Scientific classification
- Kingdom: Animalia
- Phylum: Chordata
- Class: Aves
- Order: Anseriformes
- Family: Anatidae
- Genus: Salvadorina Rothschild & Hartert, 1894
- Species: S. waigiuensis
- Binomial name: Salvadorina waigiuensis Rothschild & Hartert, 1894

= Salvadori's teal =

- Genus: Salvadorina
- Species: waigiuensis
- Authority: Rothschild & Hartert, 1894
- Conservation status: LC
- Parent authority: Rothschild & Hartert, 1894

Species of bird

Salvadori's teal (Salvadorina waigiuensis) or Salvadori's duck, is a species of bird endemic to New Guinea. It is placed in the monotypic genus Salvadorina.

It has a dark brown head and neck, and its body is barred and spotted dark brown and off white, with orange legs and a yellow bill.

It is a secretive inhabitant of fast-flowing highland streams and lakes. It is an omnivore. It locates its nest near water, and lays two to four eggs in the dry season. The IUCN has listed the bird as least concern, and the total population may be slowly declining.

==Taxonomy==
When Walter Rothschild and Ernst Hartert first described Salvadori's teal in 1894, they placed it in the concurrently created monotypic genus Salvadorina. It has no subspecies. Initially, it was generally placed with South America's torrent duck and New Zealand's blue duck, two species of similar ecological niches in a tribe called Merganettini. In the 1940s, Ernst Mayr moved the species to the dabbling duck genus Anas, based on several anatomical features.

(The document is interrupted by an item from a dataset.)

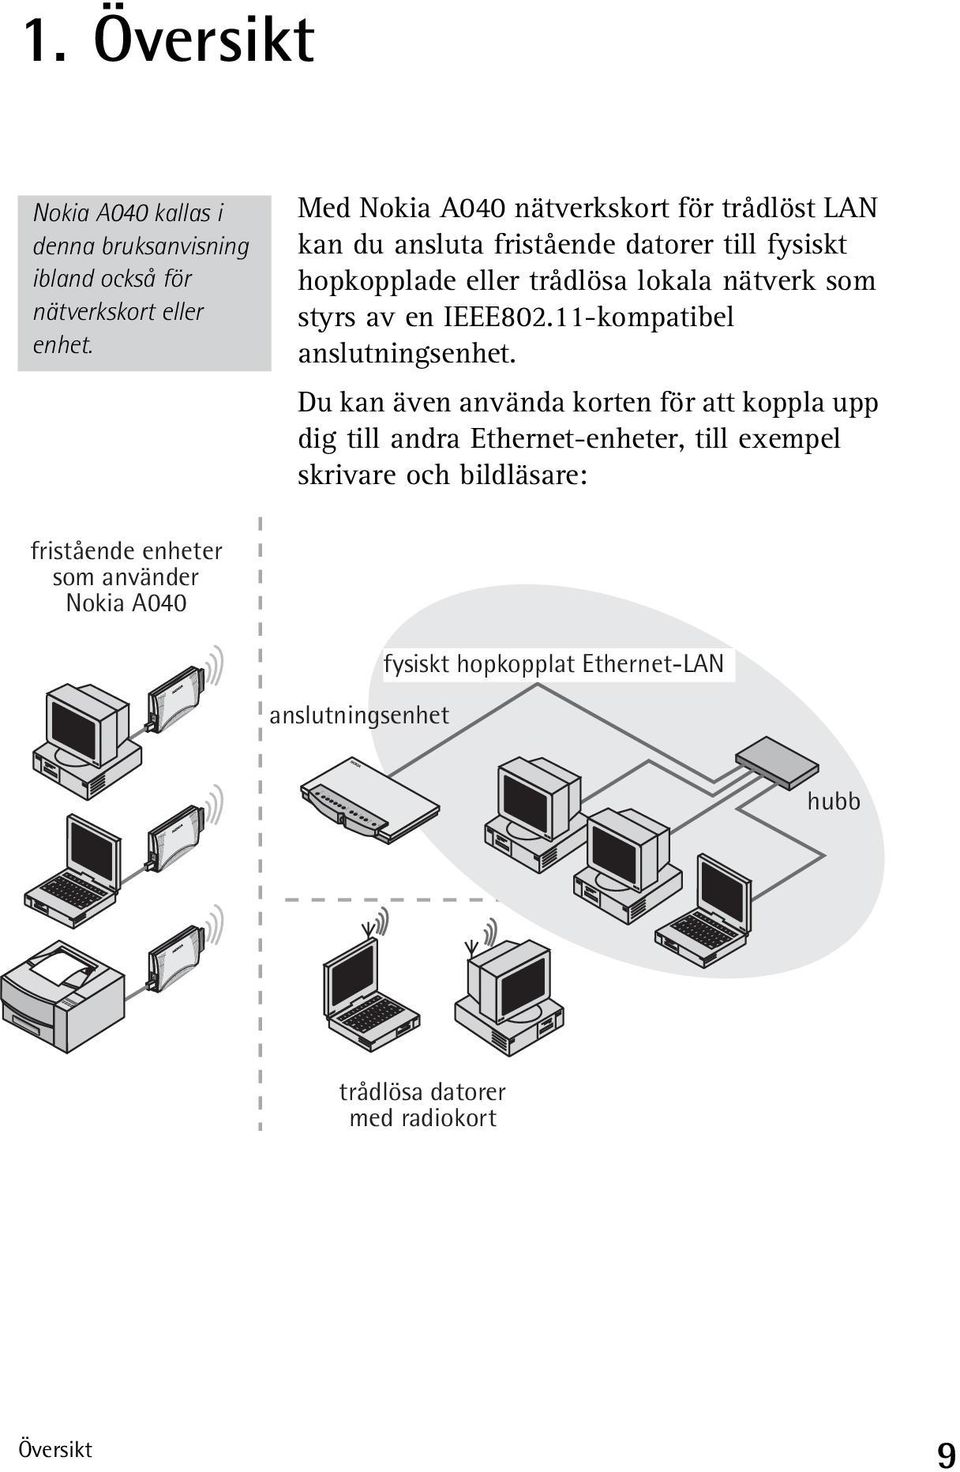 Med Nokia A040 nätverkskort för trådlöst LAN kan du ansluta fristående datorer till fysiskt hopkopplade eller trådlösa lokala nätverk som styrs av en IEEE802.
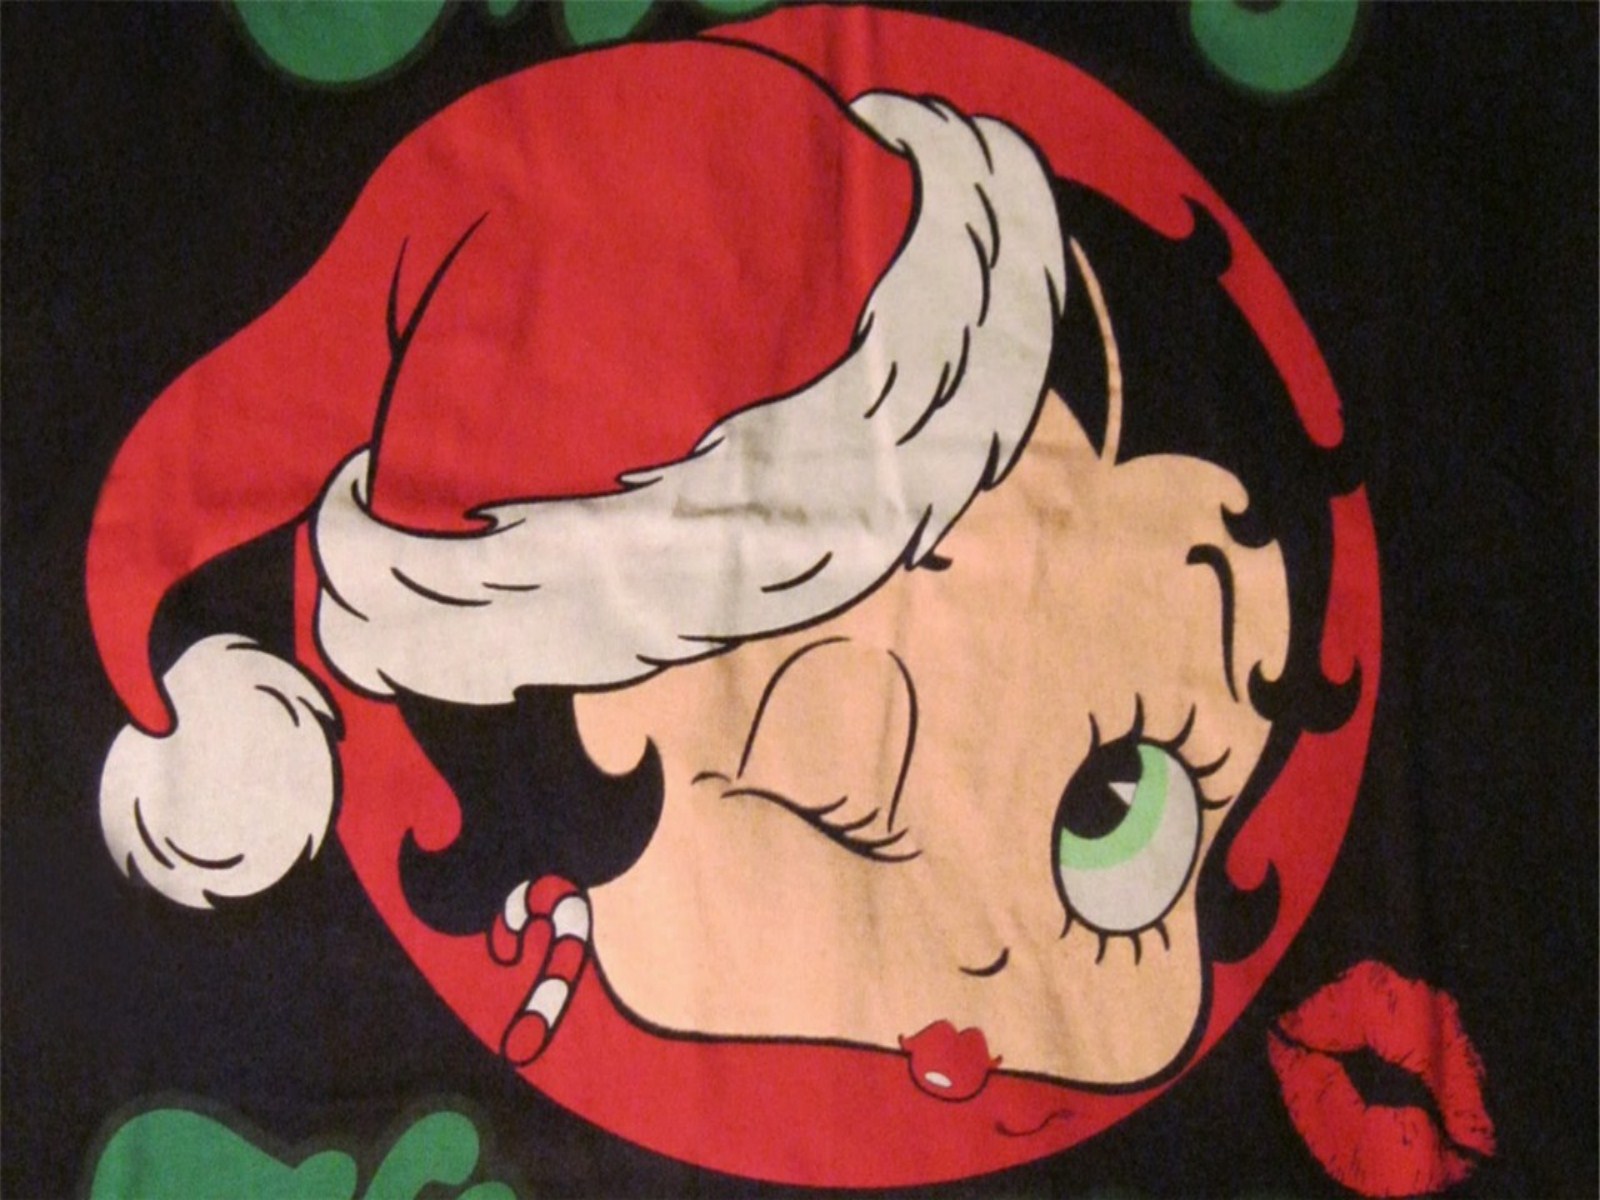 78+] Betty Boop Wallpaper For Phone - WallpaperSafari

The duck's common and genus names both commemorate 18th-century Italian ornithologist Tommaso Salvadori. The species name waigiuensis refers to Waigeo (also known as Waigiu), an island near New Guinea.

==Description==
Measuring 38–43 cm in length, with a wingspan of 56–71 cm, and weighing 400–525 g, Salvadori's teal is a small duck, about half the weight of a Mallard. The sexes are similar in plumage, with males averaging slightly larger than females.

==Range and habitat==
Salvadori's teal is endemic to New Guinea; although the type specimen was reportedly collected on the Indonesian island of Waigeo, there is doubt over the veracity of that claim, as the species is not now found there; it was more likely collected in the Vogelkop mountains of westernmost New Guinea. Resident at elevations ranging from 500 to 4000 m, Salvadori's teal prefers swiftly flowing rivers and streams, though it is also occasionally found in stagnant lakes.

==Behaviour==
===Food and feeding===
Salvadori's teal is an omnivore, and feeds by both dabbling and diving. It eats plants and insects, and possibly small fish.

===Breeding===
It locates its nest near water, and lays two to four eggs in the dry season.

==Conservation and threats==
The International Union for Conservation of Nature (IUCN) has listed Salvadori's teal as least concern. The total world population, currently estimated to be between 2,500 and 9,999 mature individuals, is thought to be declining at a moderate rate. Hunting, habitat degradation and predation by dogs are among the threats this species faces, and competition with introduced sport fish may also cause problems.